TASK INPUTS
____________
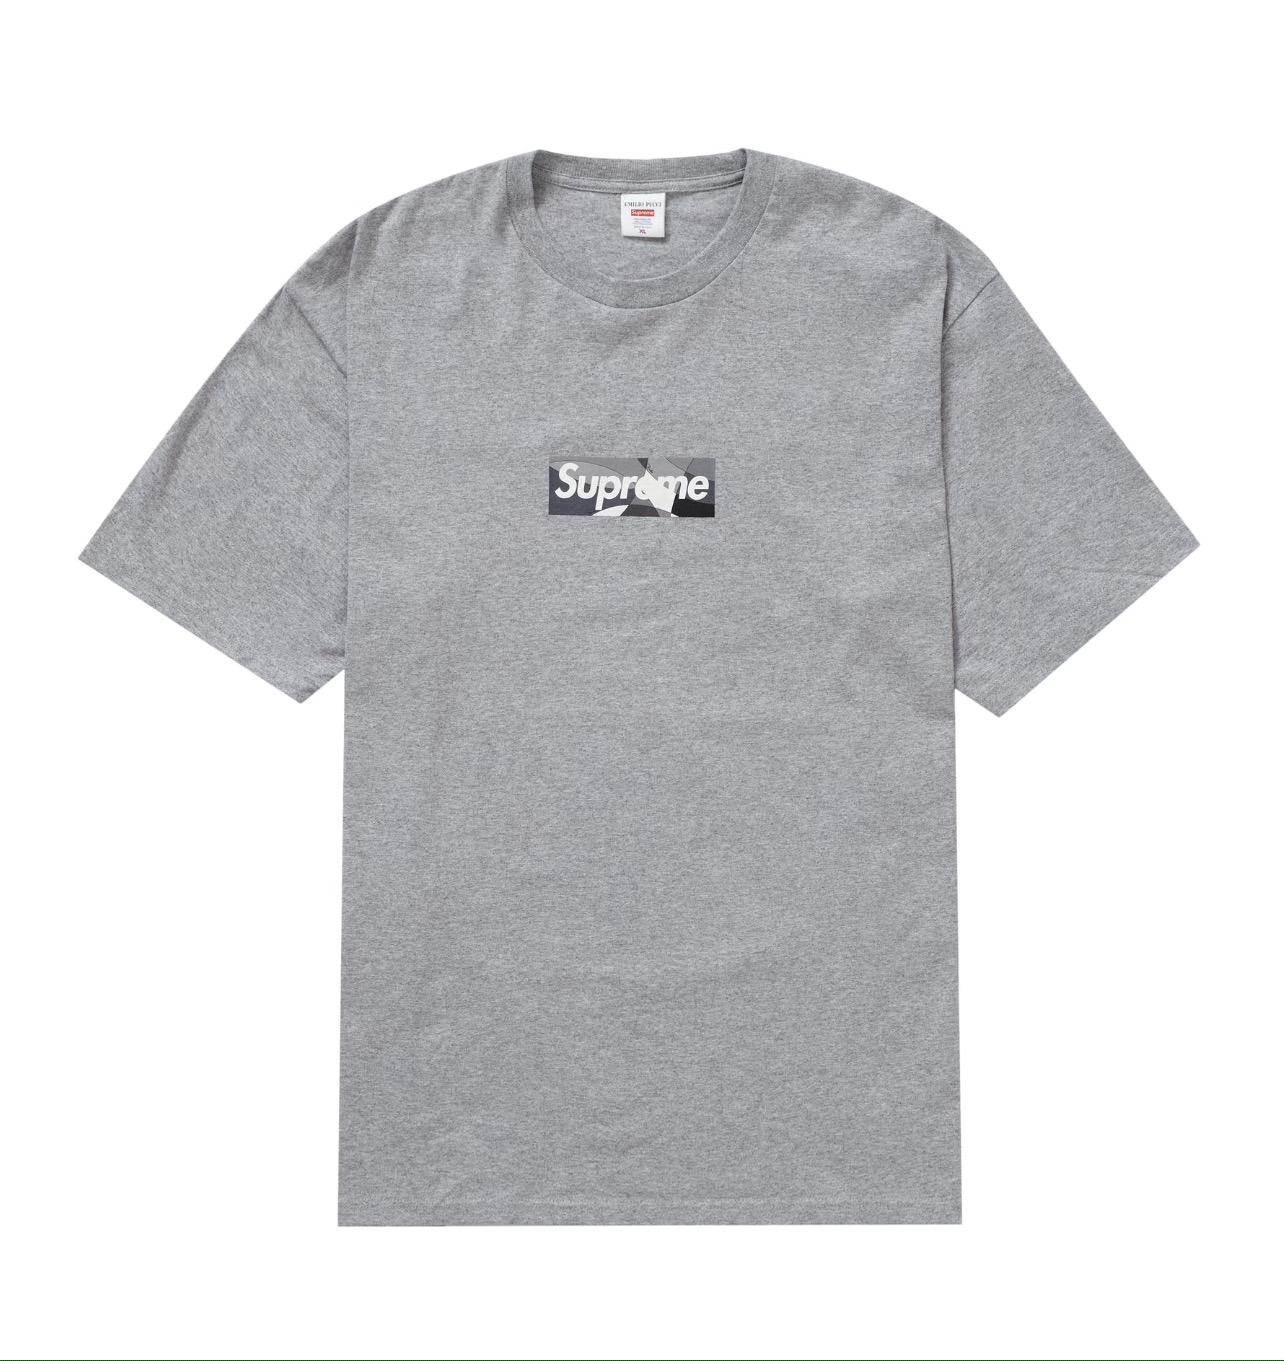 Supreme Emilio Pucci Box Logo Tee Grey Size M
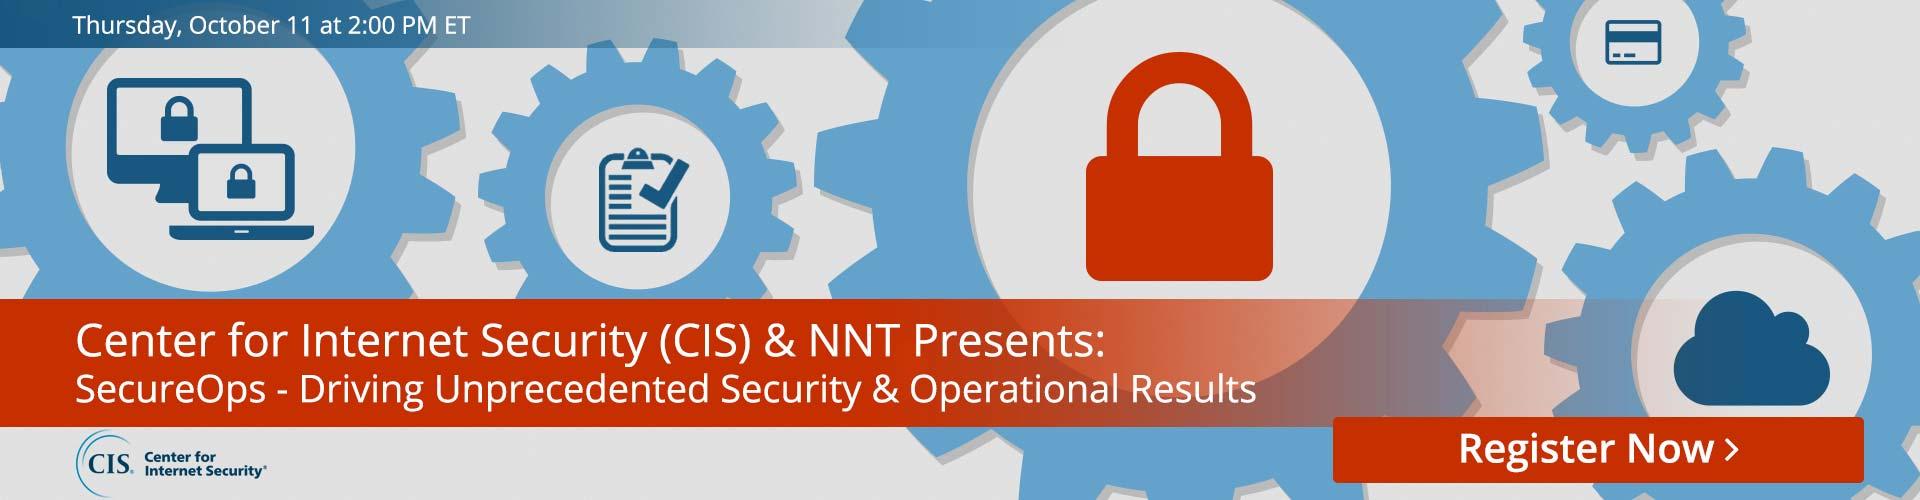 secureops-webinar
____________
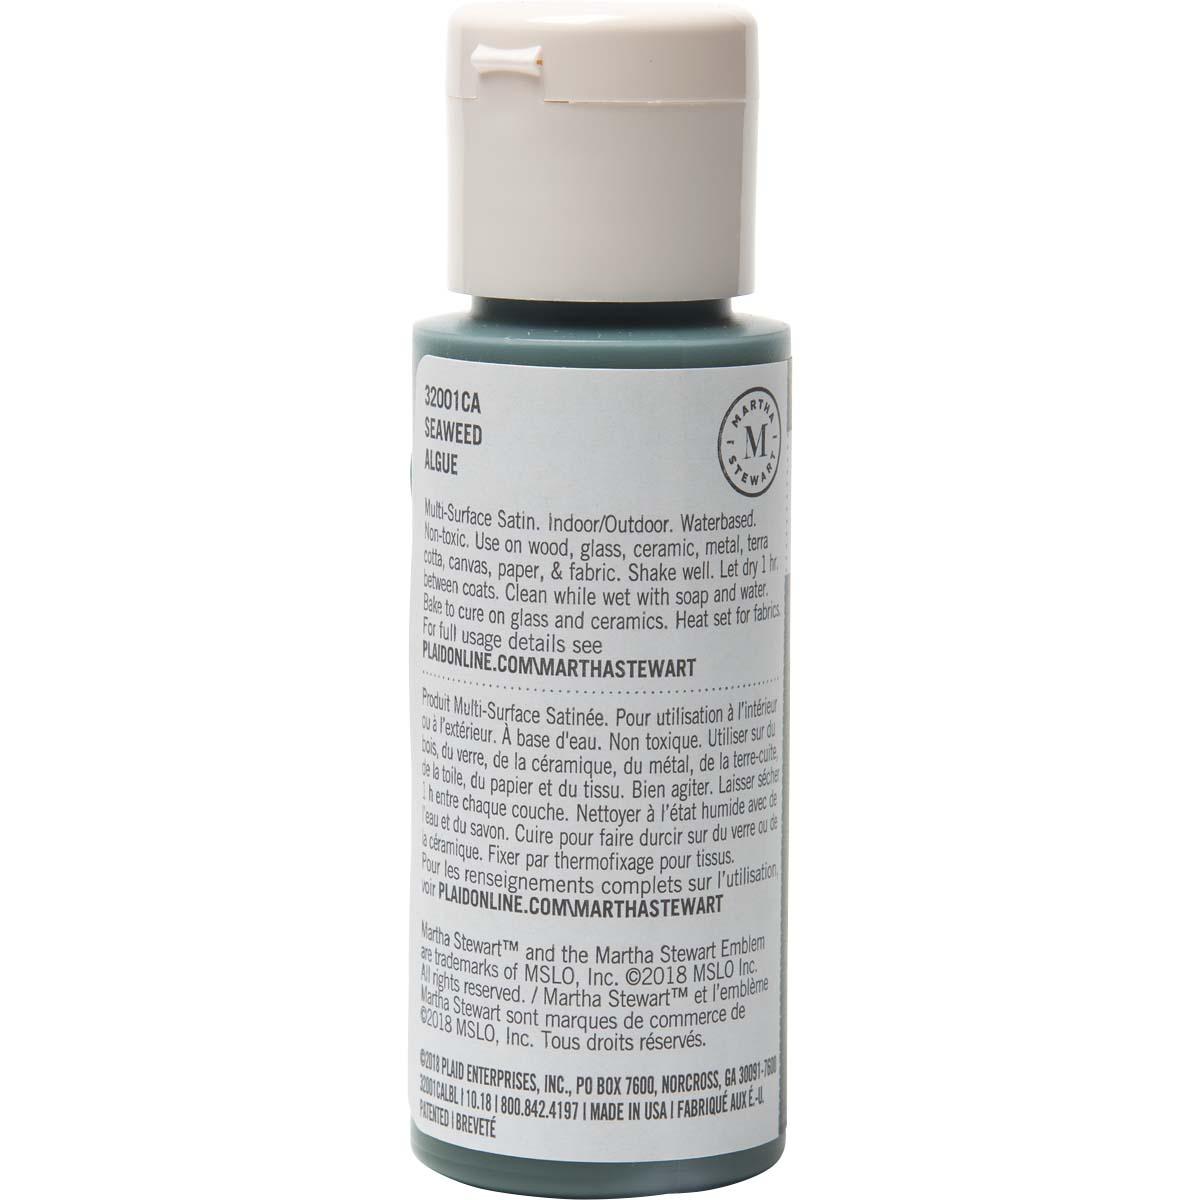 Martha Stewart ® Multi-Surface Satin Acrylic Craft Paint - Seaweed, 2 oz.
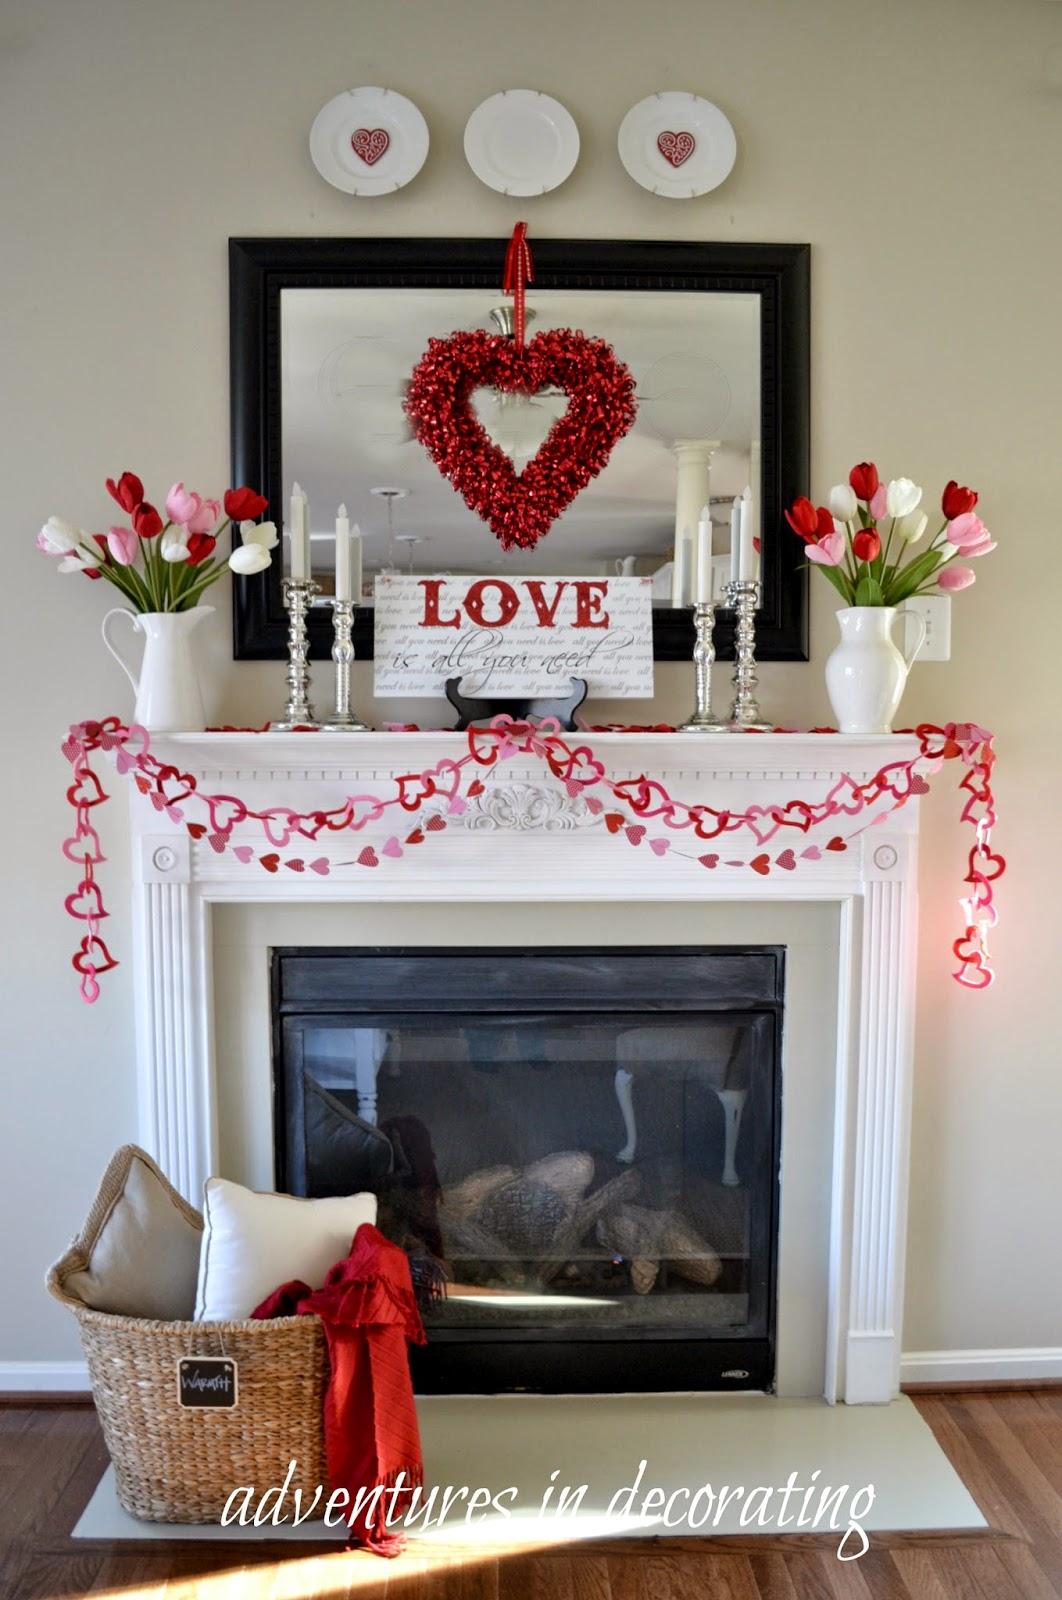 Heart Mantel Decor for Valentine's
____________
WORK INSTRUCTIONS
Set the pictures aside and reproduce exactly the lines above, from the line holding "Martha Stewart ®" through the line holding "Heart Mantel Decor for Valentine's", both included, with nothing else.

COMPLETED TASK
 Martha Stewart ® Multi-Surface Satin Acrylic Craft Paint - Seaweed, 2 oz.
 Heart Mantel Decor for Valentine's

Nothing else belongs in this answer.